If you wish to appeal the WG's decision to the Director, then also change the
Status of the record to Reopened. If you wish to record your dissent, but do not
wish to appeal the decision to the Director, then change the Status of the
record to Closed. If we do not hear from you in the next two weeks, we will
assume you agree with the WG decision.
Comment 3 David Carlisle 2006-01-12 10:11:08 UTC
 In addition, because the 
  sequence of characters "]]>" is always prohibited within a CDATA section, 

This should say "within XML element content" not "within a CDATA section". ]]>
is forbidden from all element content not just inside a CDATA section.

so an Xquery of
<a x="]]>" />

can't be encoded as

<xqx:xqueryx>&lt;a x="]]>" /></xqx:xqueryx>

you have to quote the > (or the ] ) as well.

David
Comment 4 Michael Kay 2006-01-12 10:31:32 UTC
It's seems to me that we're tying ourselves in knots in this section by trying
to tell people in full gory detail how to write a serializer. All we need to say is:

In the trivial embedding, the string of Unicode characters making up the text of
an XQuery query forms the string-value of a text node, which itself is the only
child of an xqx:xquery element.

Note: when such an element is serialized, special characters such as < and &
must be escaped in the usual way. For example...

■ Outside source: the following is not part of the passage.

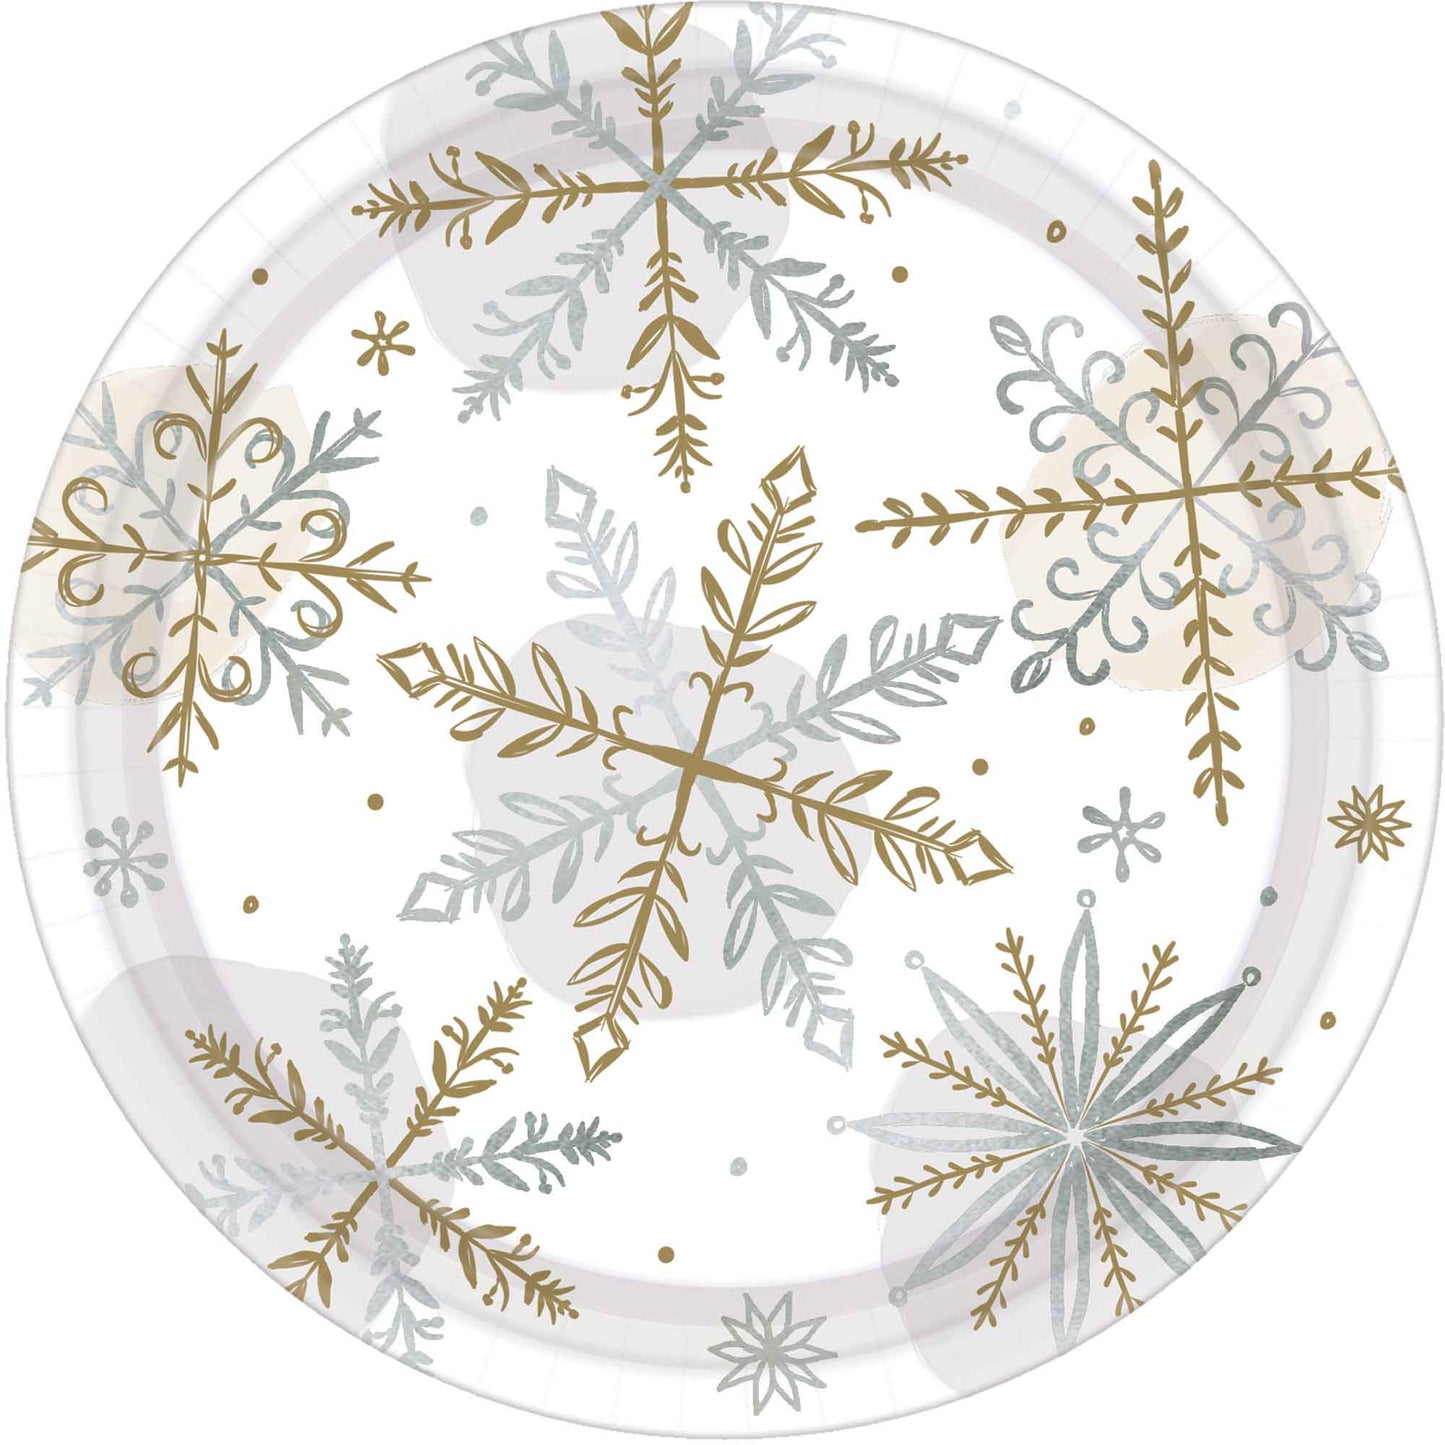 Shining Snowflakes 17cm Metallic Round Paper Plates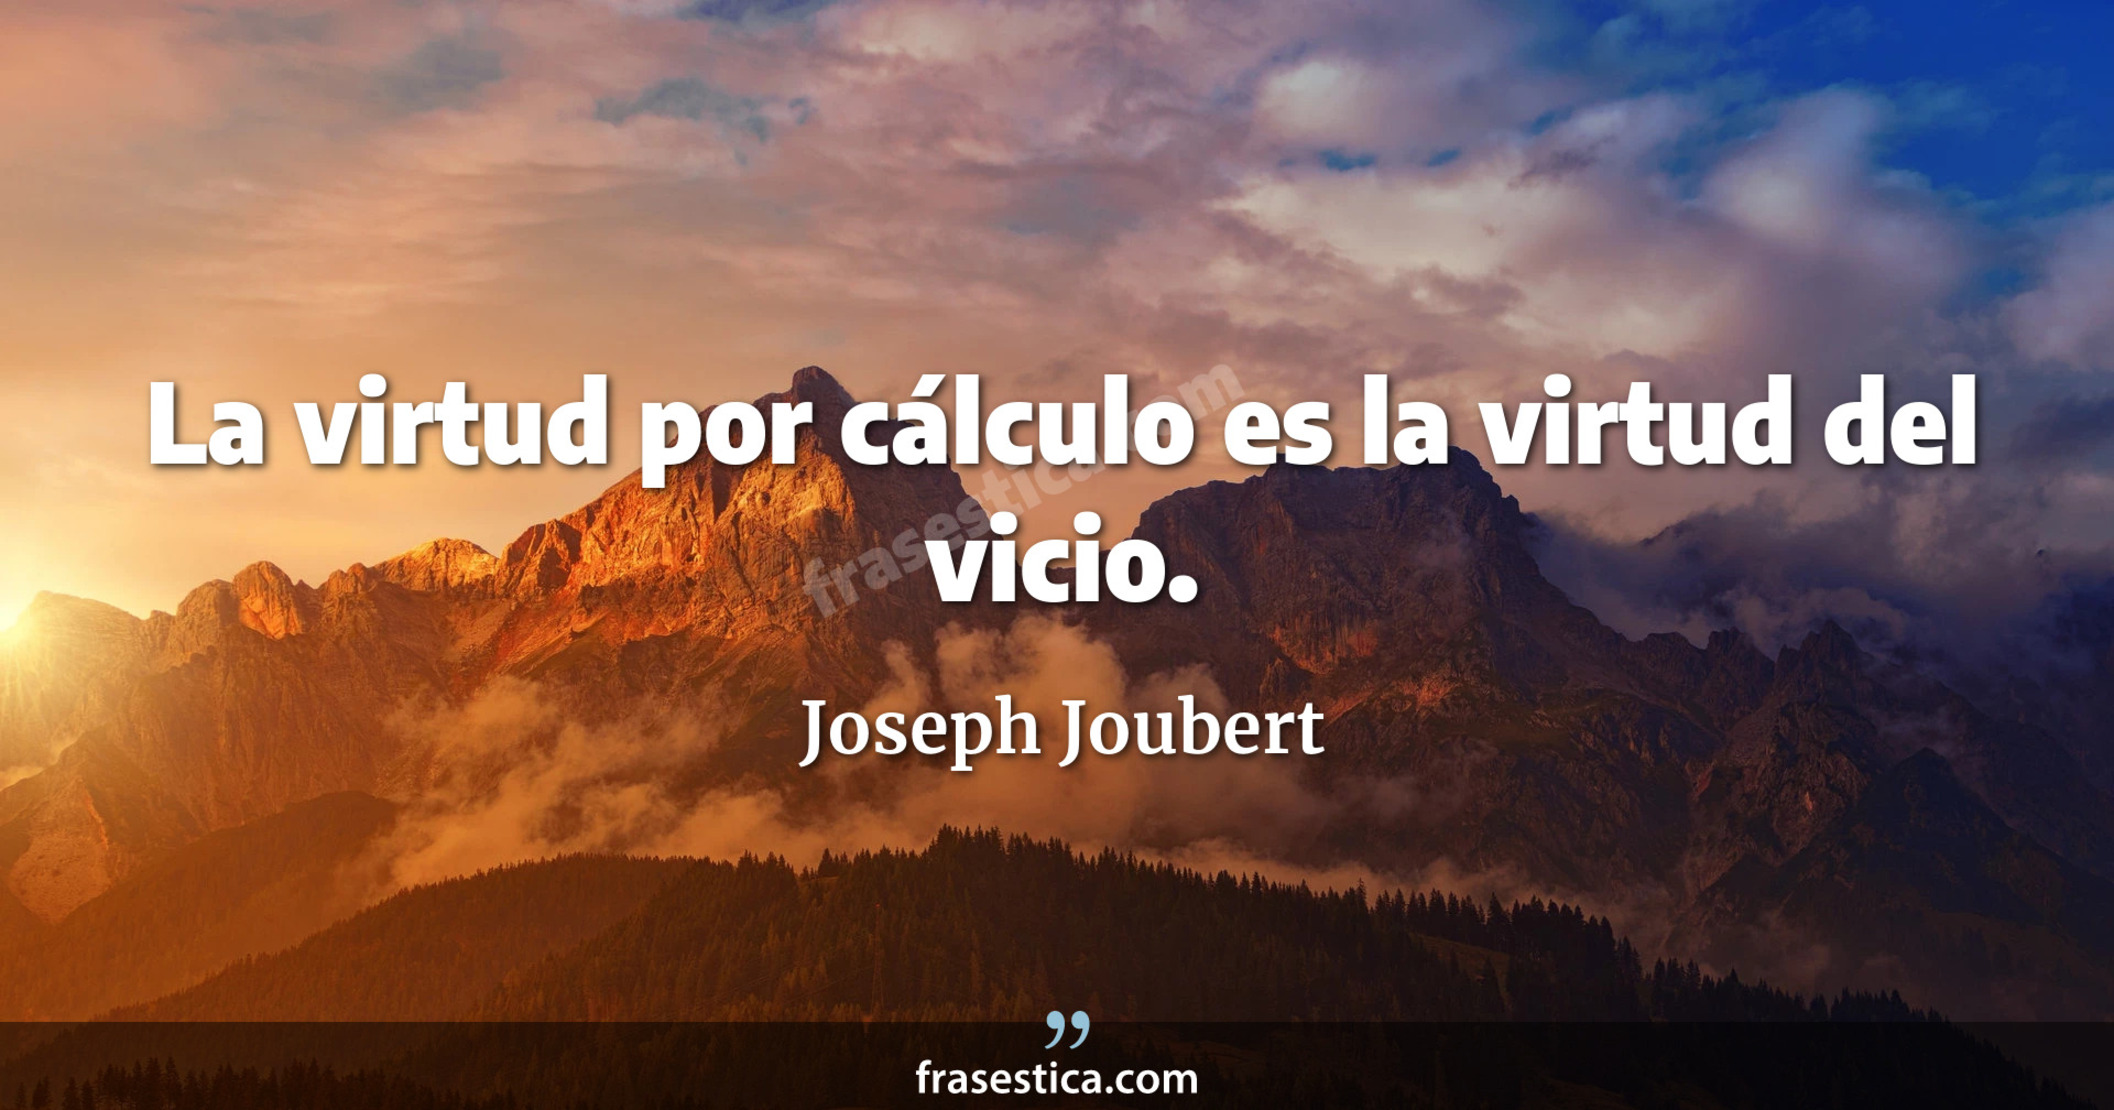 La virtud por cálculo es la virtud del vicio. - Joseph Joubert

(But frankly, this section on trivial embedding isn't worth the paper it isn't
written on. We don't need a standard for how to represent a string of Unicode
characters in an XML document. If an XML spec such as XML Schema or XSLT decides
it wants to embed XQuery, it will probably do it in a different way anyway.)
Comment 5 Jim Melton 2006-05-12 21:24:22 UTC
I just noticed that this comment has languished unCLOSED for some time.  I have accepted the correction provided in comment #3 (http://www.w3.org/Bugs/Public/show_bug.cgi?id=2611#c3) and made the requisite changes editorially. 

I have NOT, however, done anything with respect to comment #4 (http://www.w3.org/Bugs/Public/show_bug.cgi?id=2611#c4) and have no plans to do so unless directed by the XML Query WG to do so.  (Apologies, Mike!)

May we now mark this bug as CLOSED?
Comment 6 David Carlisle 2006-06-13 12:19:43 UTC
Closing this (although I agree with comment #4, that the trival embedding feature should be dropped.)